Data extract:
□ □ □ □ □
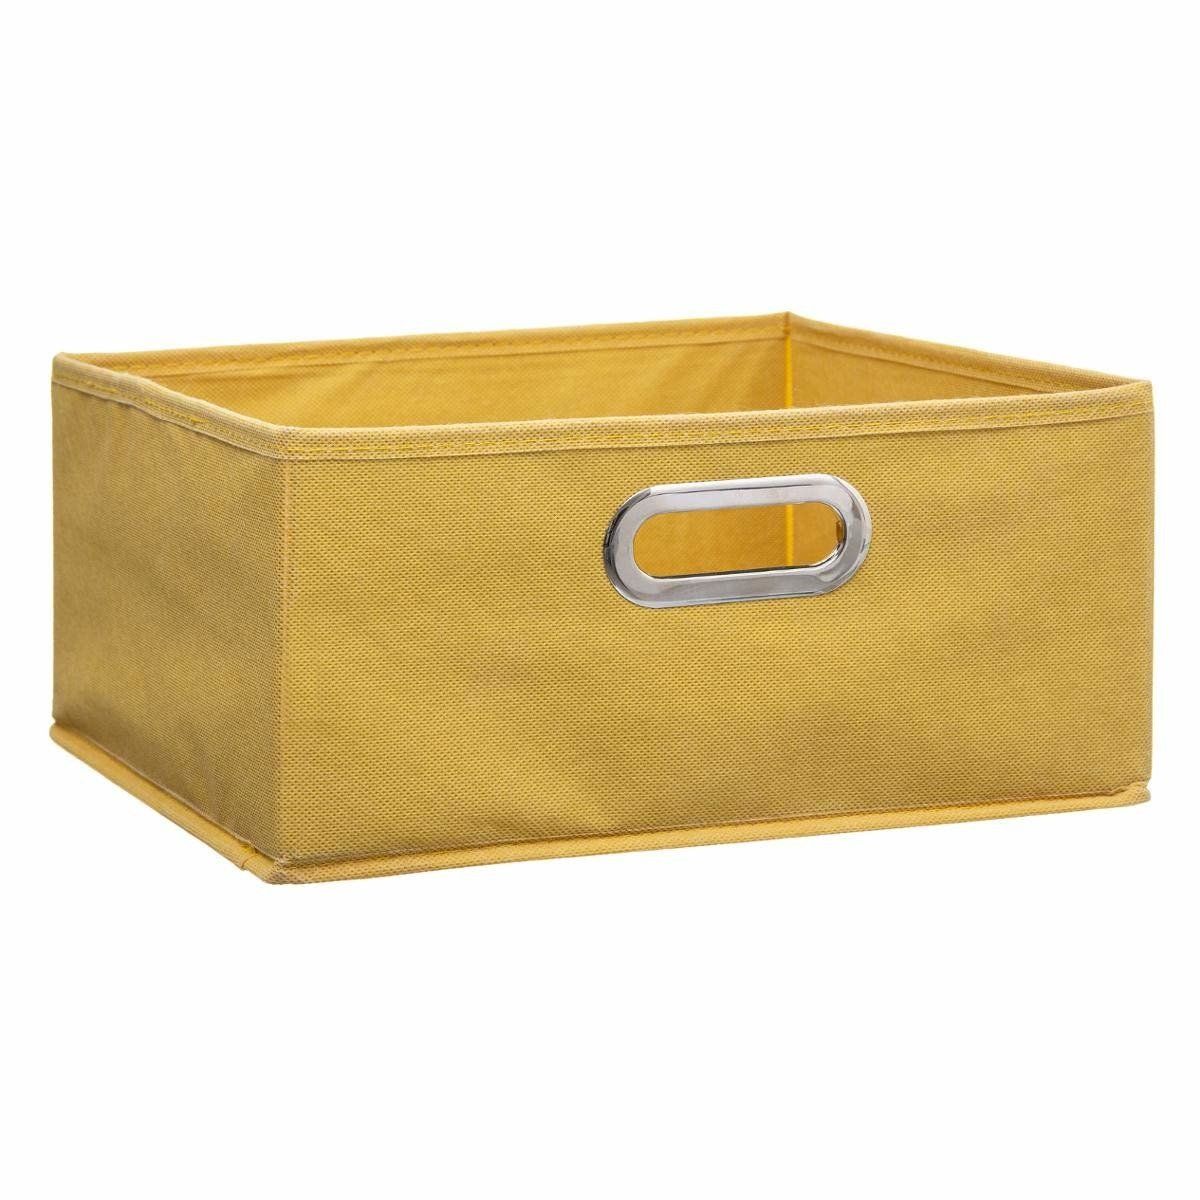 5five Simply Smart Krabice na textil ve žluté barvě z lepenky a textilu, 31x15 cm - EDAXO.CZ s.r.o.
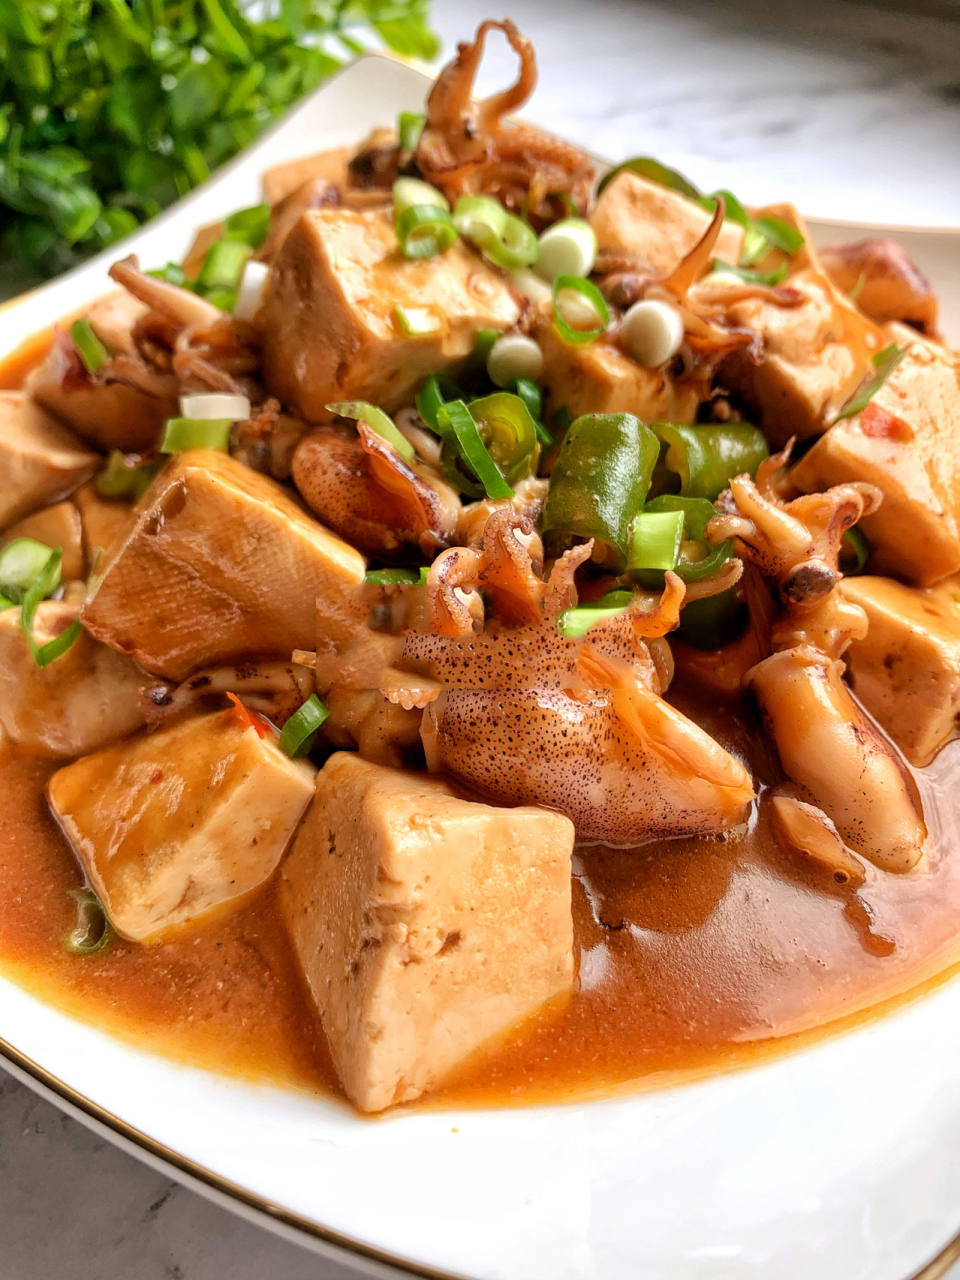 笔管鱼炖豆腐,可以这样做,营养鲜美 笔管鱼含优质蛋白质和矿物质,和
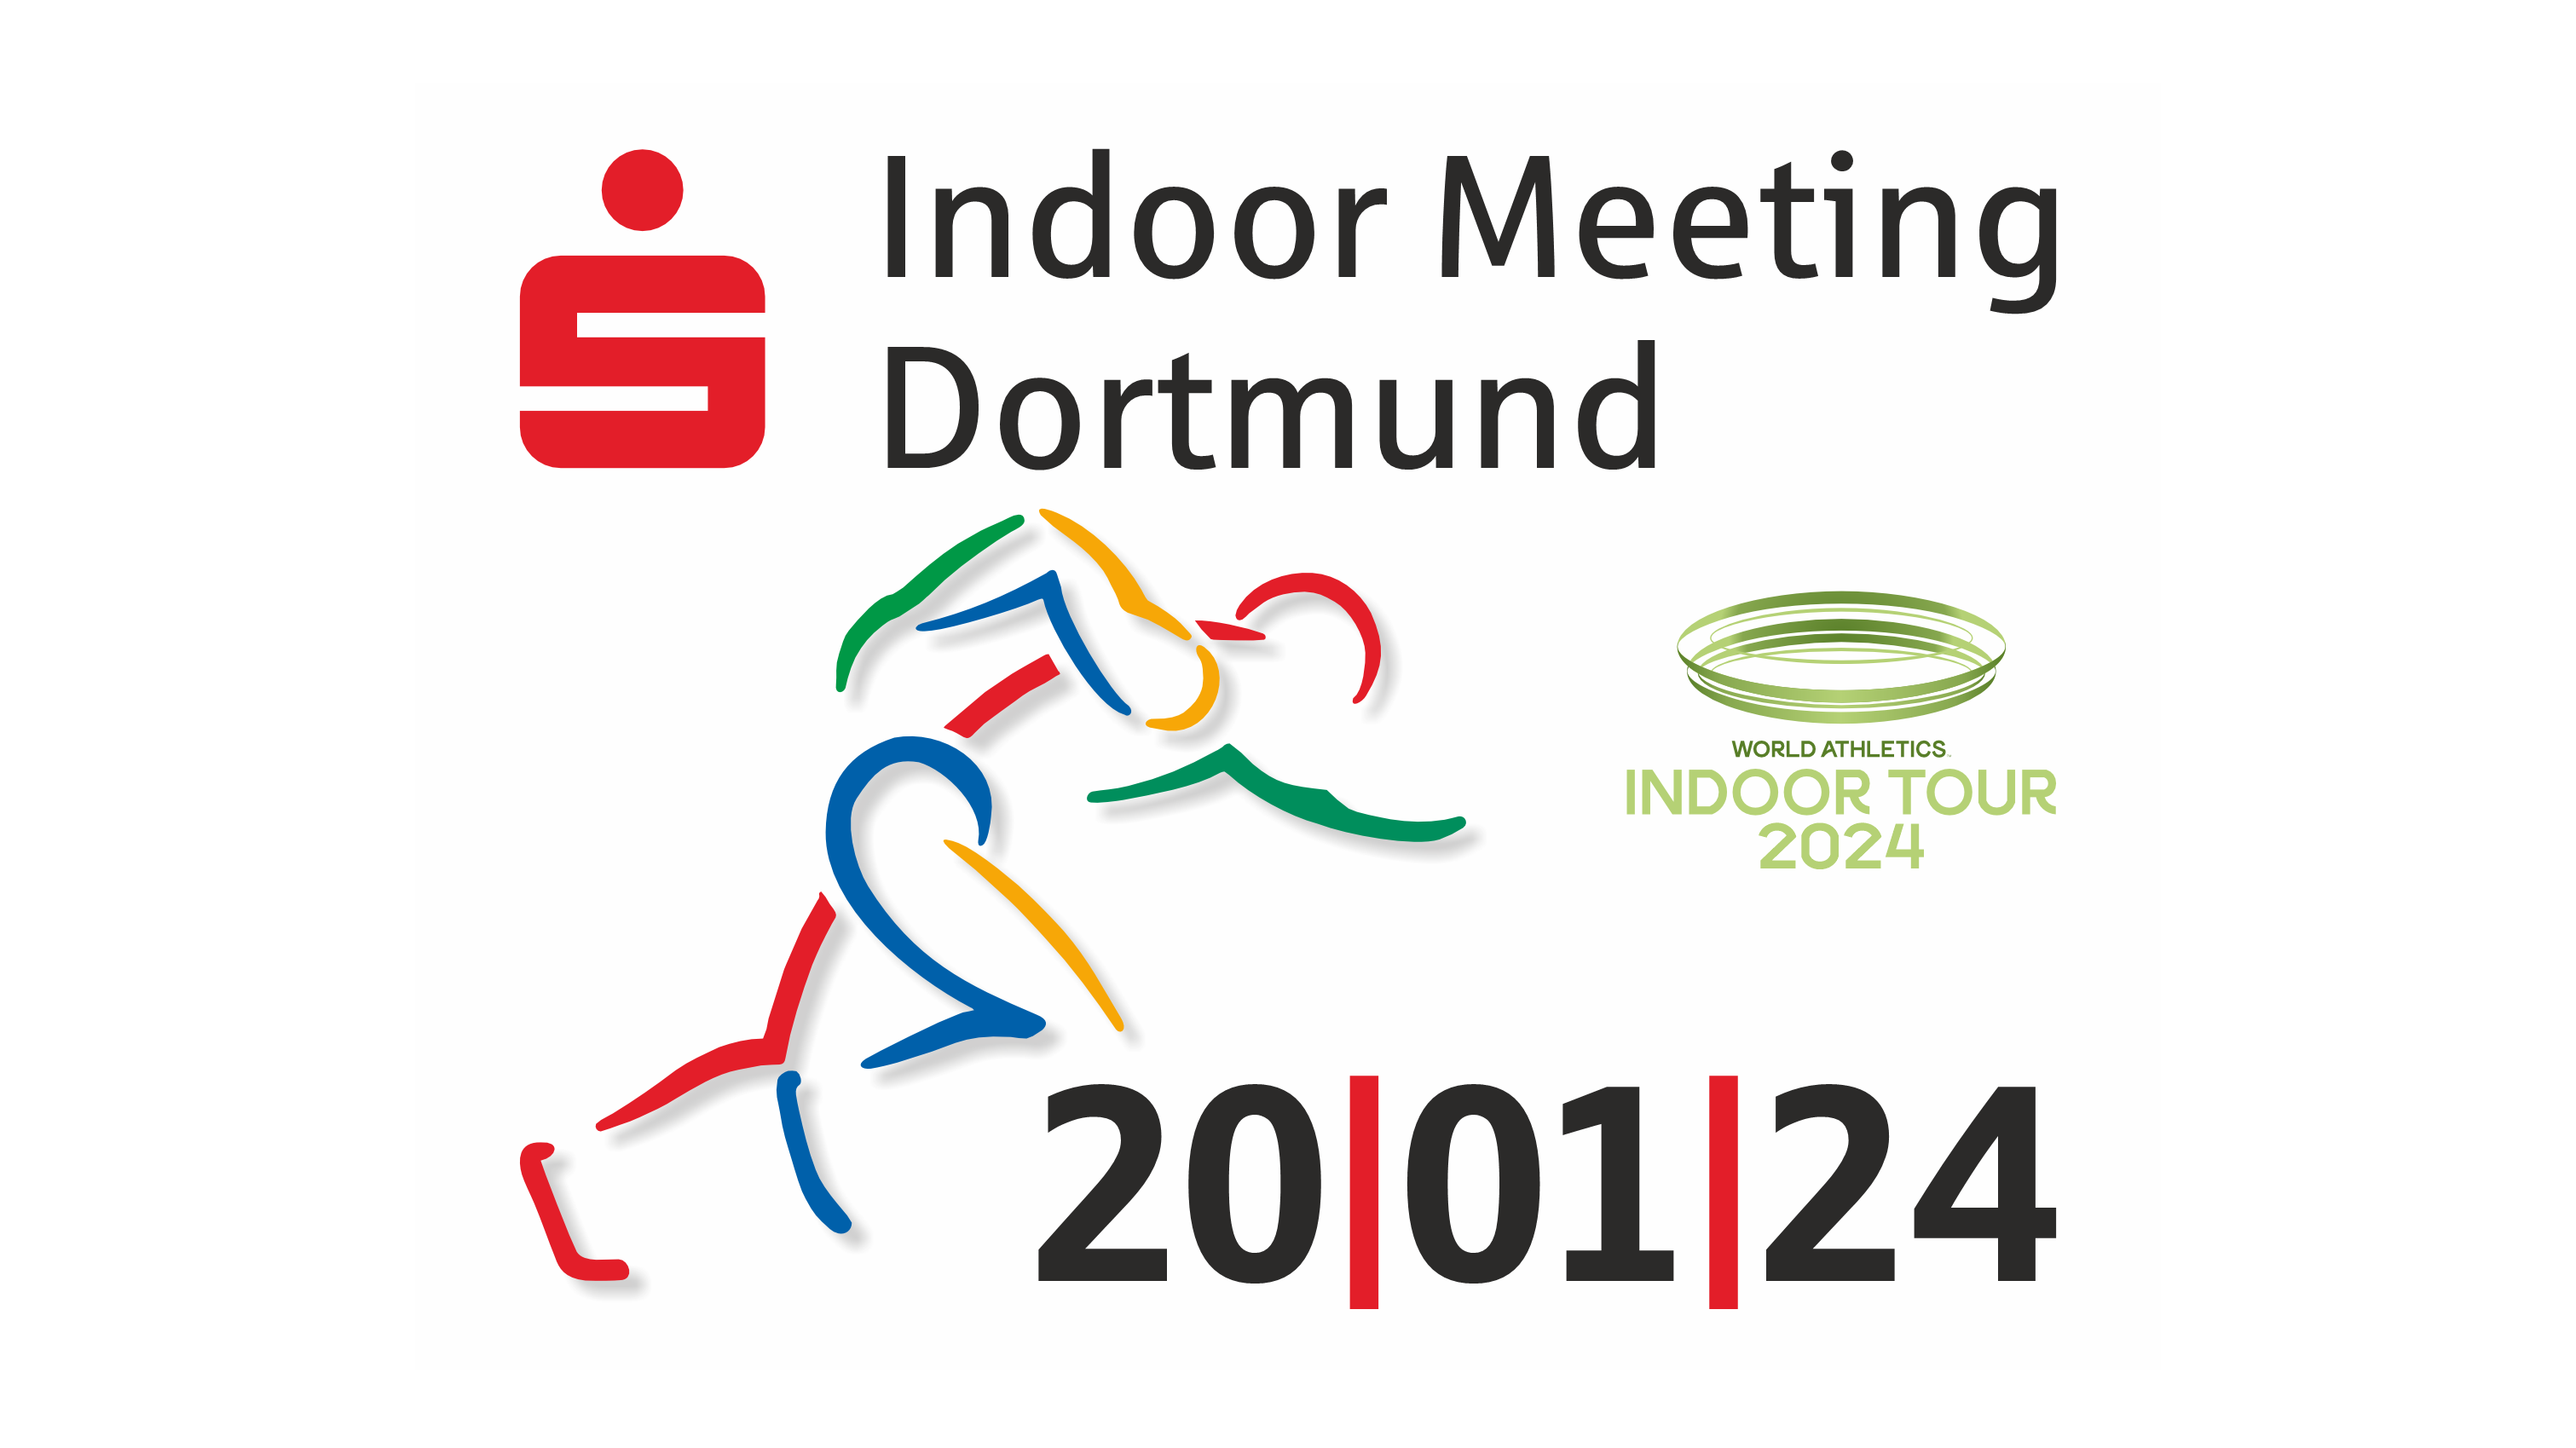 Sparkassen Indoor Meeting Dortmund
□ □ □ □ □
The material above is to be output exactly, with each picture left out.

 5five Simply Smart Krabice na textil ve žluté barvě z lepenky a textilu, 31x15 cm - EDAXO.CZ s.r.o.
 笔管鱼炖豆腐,可以这样做,营养鲜美 笔管鱼含优质蛋白质和矿物质,和
 Sparkassen Indoor Meeting Dortmund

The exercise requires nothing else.